# recommended USB microphone for REW



## riingenr (Oct 6, 2009)

Hi, we are going to use REW to setup general PA and conference room audio systems. Our laptops have an audio jack that is both input and output(lame!) depending on pc settings. Since we want to use the test patern outputs within REW I need this jack to be an output. So....can anyone recommend a USB mic and is it even recommended? -Rob


----------



## brucek (Apr 11, 2006)

> So....can anyone recommend a USB mic and is it even recommended?


No, REW won't operate with a USB mic. For laptops, most people require an external USB soundcard that has a line-in and a line-out, or a line-out and a mic preamp for condenser microphones.

brucek


----------



## riingenr (Oct 6, 2009)

thanks Bruce, I'll look into the external USB soundcards. 
or do you think I should use my laptops mic input connector for REW and get an external white noise generator?


----------



## brucek (Apr 11, 2006)

> use my laptops mic input connector for REW


No, the mic-in jacks on laptops are not suitable for use with REW.

brucek


----------



## jlohl (Jun 6, 2007)

> REW won't operate with a USB mic


I have used this one successfully with B&K4006, KlarkTeknik measurement mics, ecm8000 and various softs (REW, R+D, ARTA,...) :
http://www.mxlmics.com/products/USB/MicMate_Classic/MicMate_Classic.html
I also checked its frequency response which was OK for acoustic measurements (+-0.5dB 30 to 15kHz, if I remember)


----------



## riingenr (Oct 6, 2009)

Thanks, the Mic Mate is pretty interesting. So you DID get this to work well with REW?


----------



## JohnM (Apr 11, 2006)

You can use a USB mic, but the same caveats apply as when using a laptop or desktop mic input: the frequency response may be optimised for voice use (and so roll off at LF and perhaps at HF also) and the signal/noise performance may be poor. Without something to compare the results against it is hard to know whether a mic input is useful or not, though on a USB mic the frequency response (or at least its extents) should be in the spec somewhere.


----------



## jlohl (Jun 6, 2007)

> So you DID get this to work well with REW?


yes, Micmate works fine with REW



> on a USB mic the frequency response should be in the spec


the Micmate and equivalent products are not usb mics : it's just an external soundboard with phantom power supply. Before using the Micmate, I measured the frequency response for my calibration : it was good enough for acoustic measurements.

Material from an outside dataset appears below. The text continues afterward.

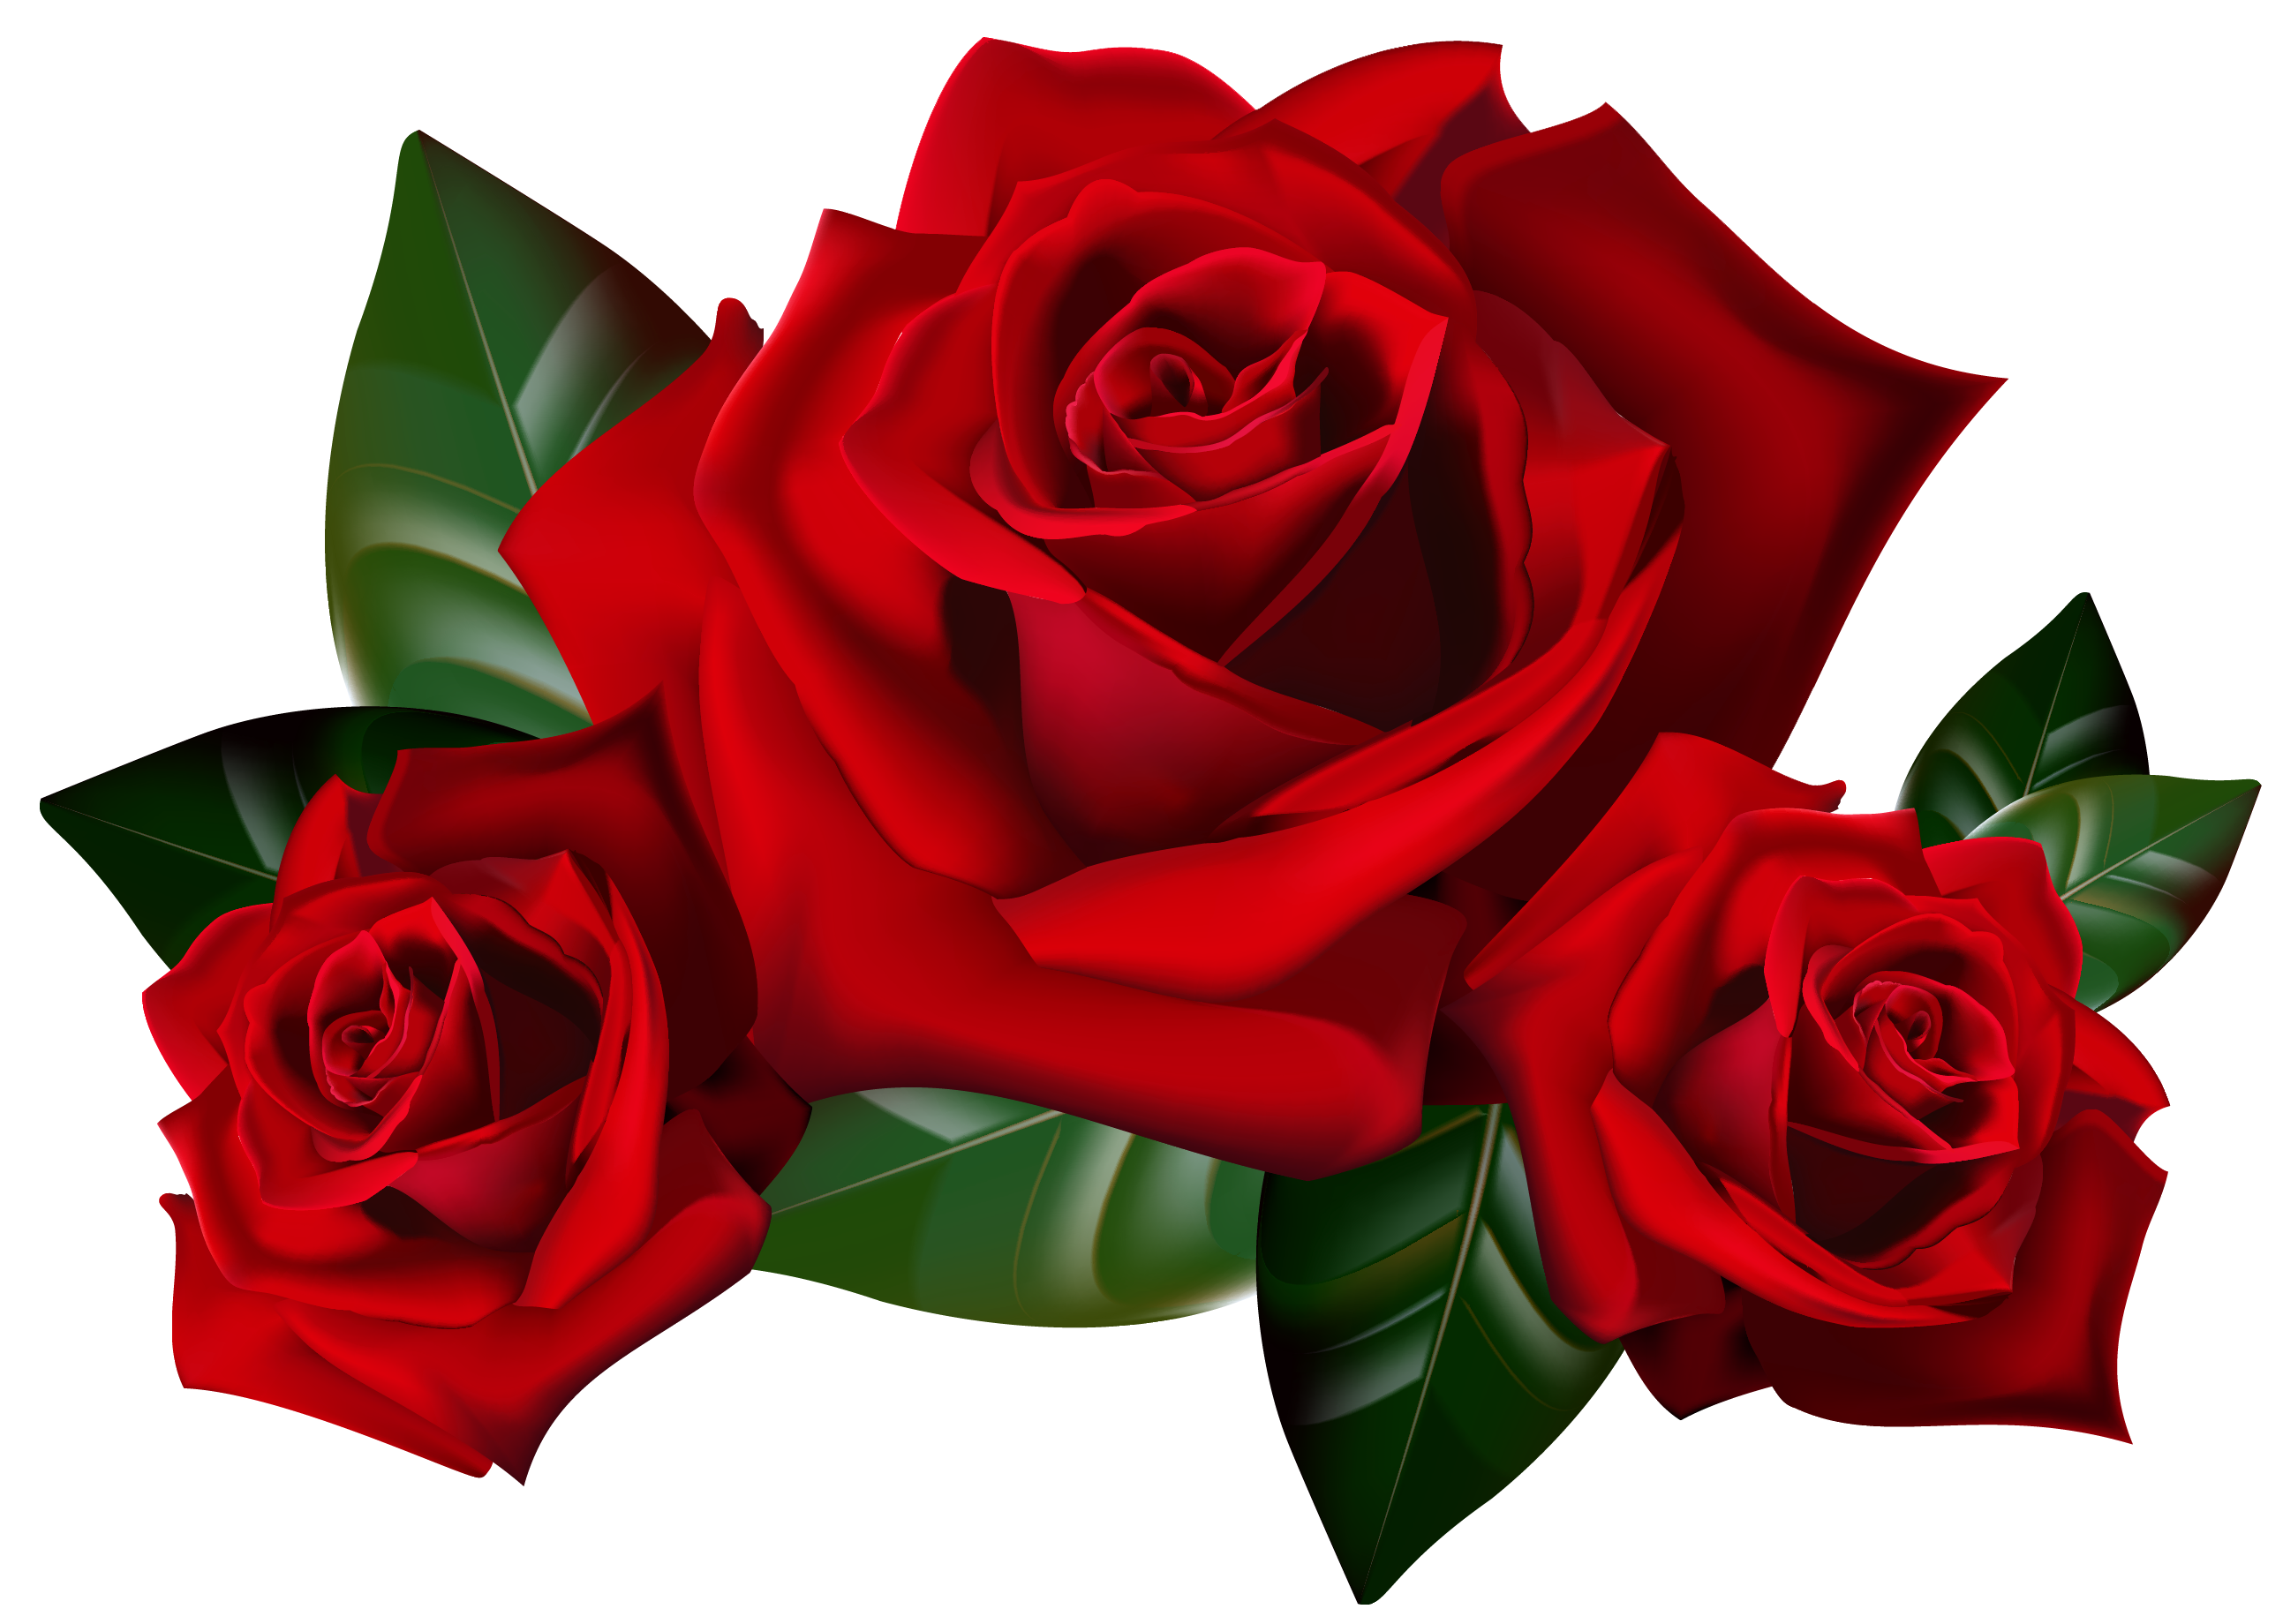 Red Roses PNG Clipart Picture

So the measurement quality depends only on the mic you use.


----------



## brucek (Apr 11, 2006)

> So the measurement quality depends only on the mic you use.

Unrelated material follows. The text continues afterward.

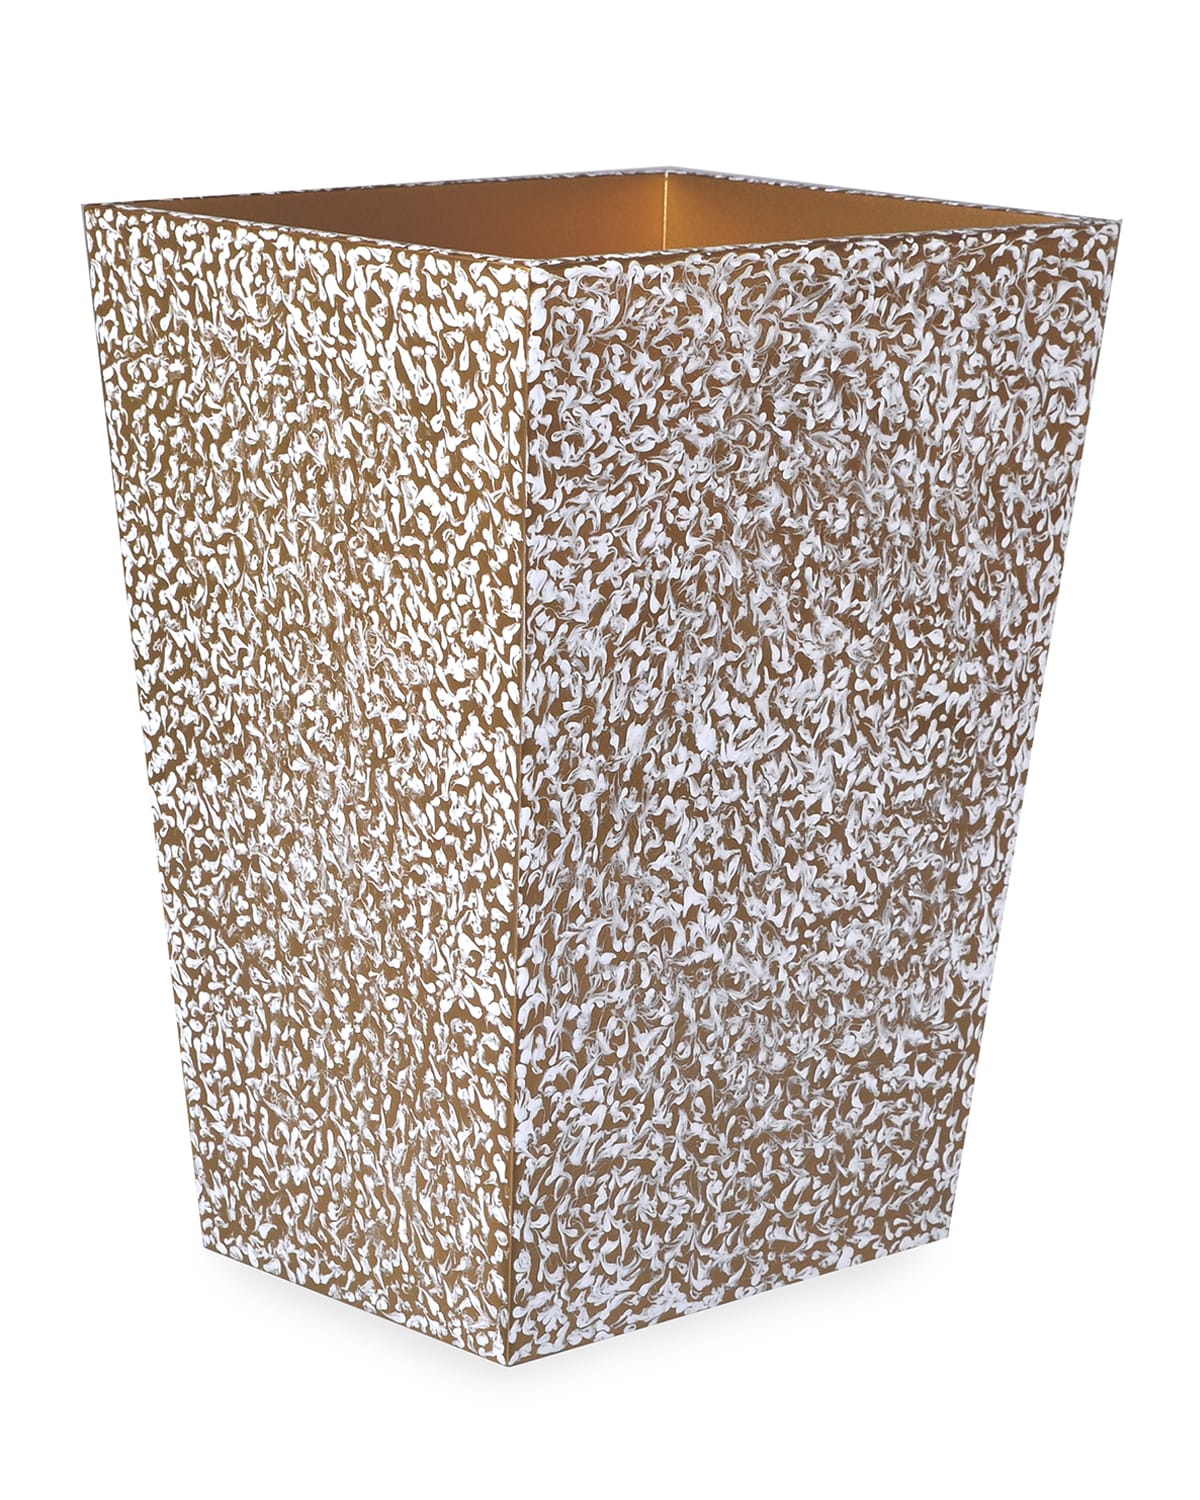 Image Mike & Ally Blizzard Straight Wastebasket with Liner

How are you able to do a soundcard calibration when using USB as the input?

brucek


----------



## alcalae (Jun 1, 2009)

"So the measurement quality depends only on the mic you use."

It's probably been told before but
Why can't i use, for example, an AKG perception 100, a MXL 2001 or overhead mics with the REW software instead of those pencil shaped measuring mic?
Aren't these flat enough?
What's the difference?


----------



## brucek (Apr 11, 2006)

> Aren't these flat enough?
> What's the difference?


Use any mic you wish as long as you have a mic calibration file that REW can use.

brucek


----------



## jlohl (Jun 6, 2007)

> How are you able to do a soundcard calibration when using USB as the input?


I connected a measurement generator (Audio Precision, Prism or equivalent) on the input of the mixmate and recorded a wav file. Then I analysed this file (frequency response, distortion). This response added to the cal file of the mic itself gives me the global cal file to use.


----------



## JohnM (Apr 11, 2006)

alcalae said:


> Why can't i use, for example, an AKG perception 100, a MXL 2001 or overhead mics with the REW software instead of those pencil shaped measuring mic?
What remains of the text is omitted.